Puede decirse, sin forzar demasiado el pensamiento de Gramsci, que por esta vía la cultura determina la identidad colectiva de los actores histórico–sociales: “De ello se deduce la importancia que tiene ‘el momento cultural’ incluso en la actividad práctica (colectiva): cada acto histórico sólo puede ser cumplido por el ‘hombre colectivo’. Esto supone el logro de una unidad ‘cultural–social’, por la cual una multiplicidad de voluntades disgregadas, con heterogeneidad de fines, se sueldan con vistas a un mismo fin, sobre la base de una misma y común concepción del mundo (general y particular, transitoriamente operante, por vía emocional, o permanentemente), cuya base intelectual está tan arraigada, asimilada y vivida, que puede convertirse en pasión”. (69)

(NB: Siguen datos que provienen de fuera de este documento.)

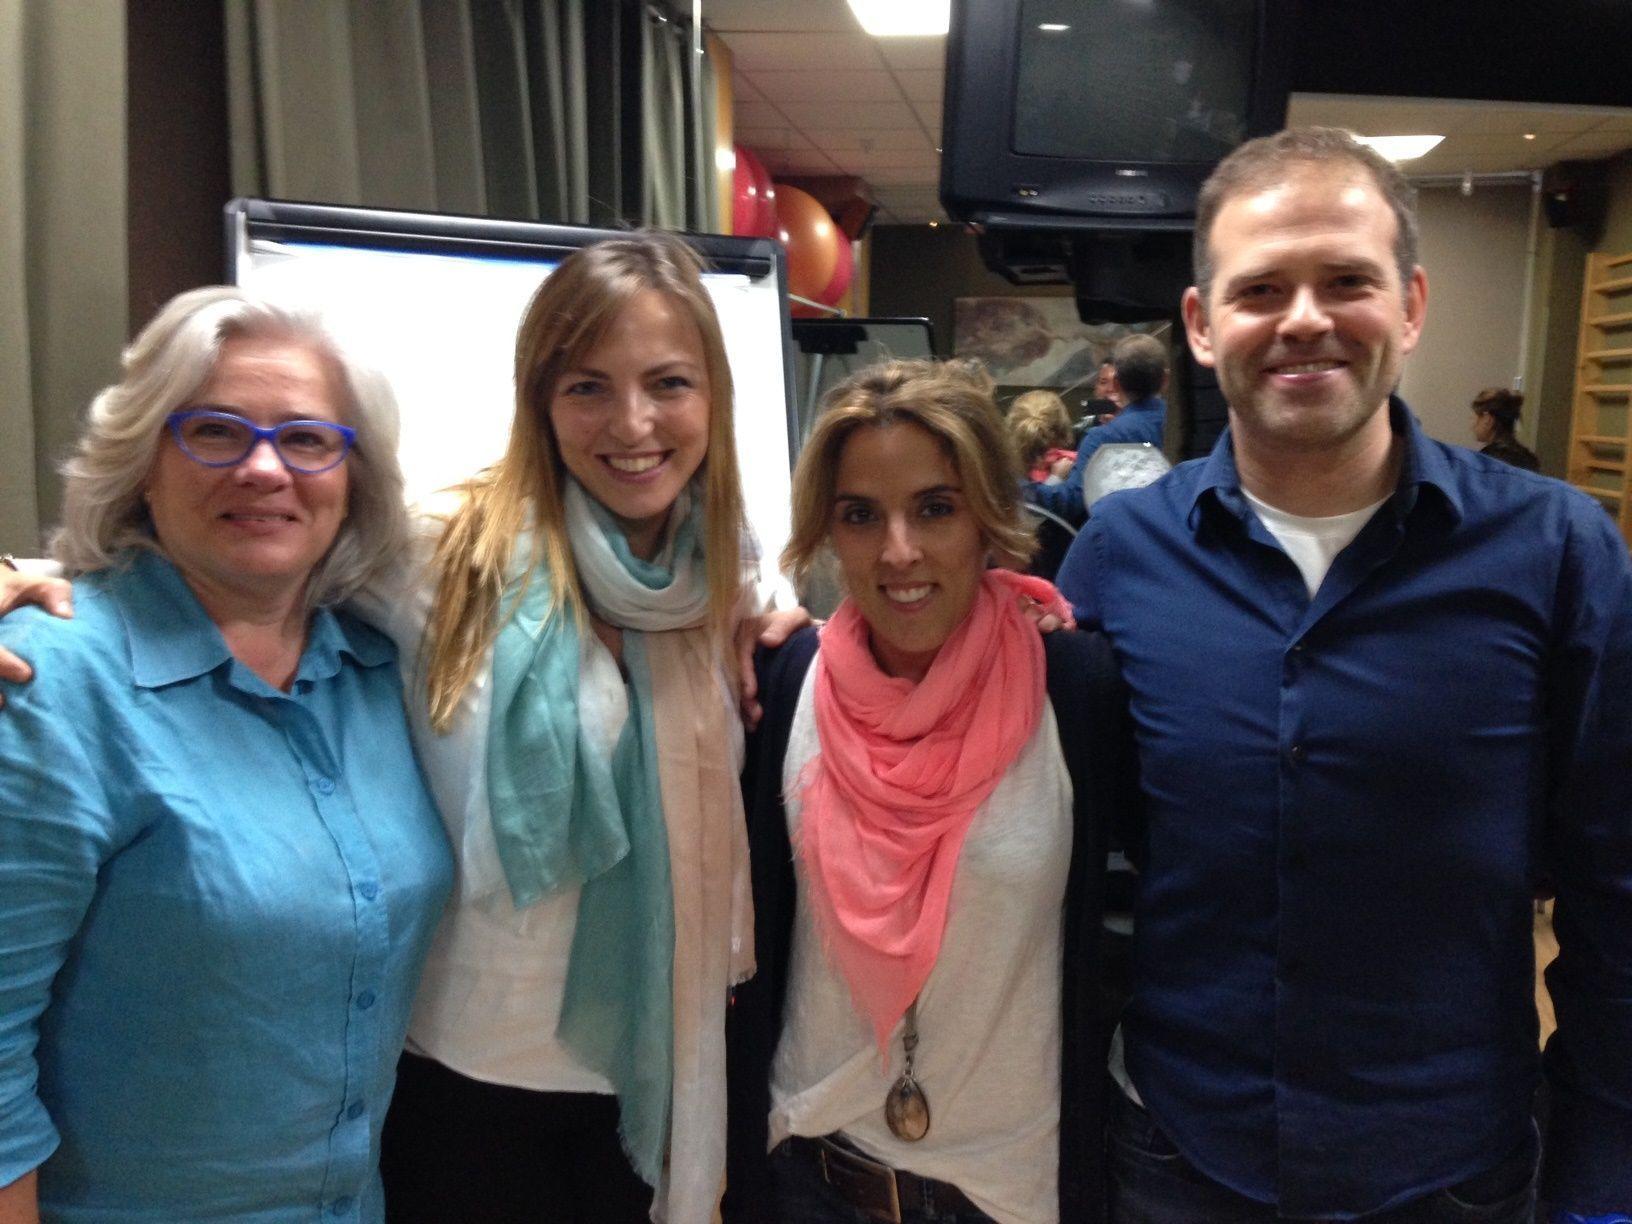 MªAngeles Jové, Lucía Galán, Andrea Zambrano y Jaume Roset

Además, no debe olvidarse que para Gramsci las ideologías “organizan” a las masas humanas, forman el terreno dentro del cual se mueven los hombres, adquieren conciencia de su posición, luchan, etcétera. (70)
Gramsci aborda los problemas de la ideología y de la cultura en función de una preocupación estratégica y política motivada en gran parte por la derrota histórica del proletariado europeo en los años veinte. De aquí la estrecha vinculación de su concepto de cultura con el de hegemonía, que representa grosso modo una modalidad de poder —capacidad de educación y de dirección— basada en el consenso cultural. Desde este punto de vista, la cultura, al igual que la ideología, se convierte en instrumento privilegiado de la hegemonía por medio de la cual una clase social logra el reconocimiento de su concepción del mundo y, en consecuencia, de su supremacía por parte de las demás clases sociales.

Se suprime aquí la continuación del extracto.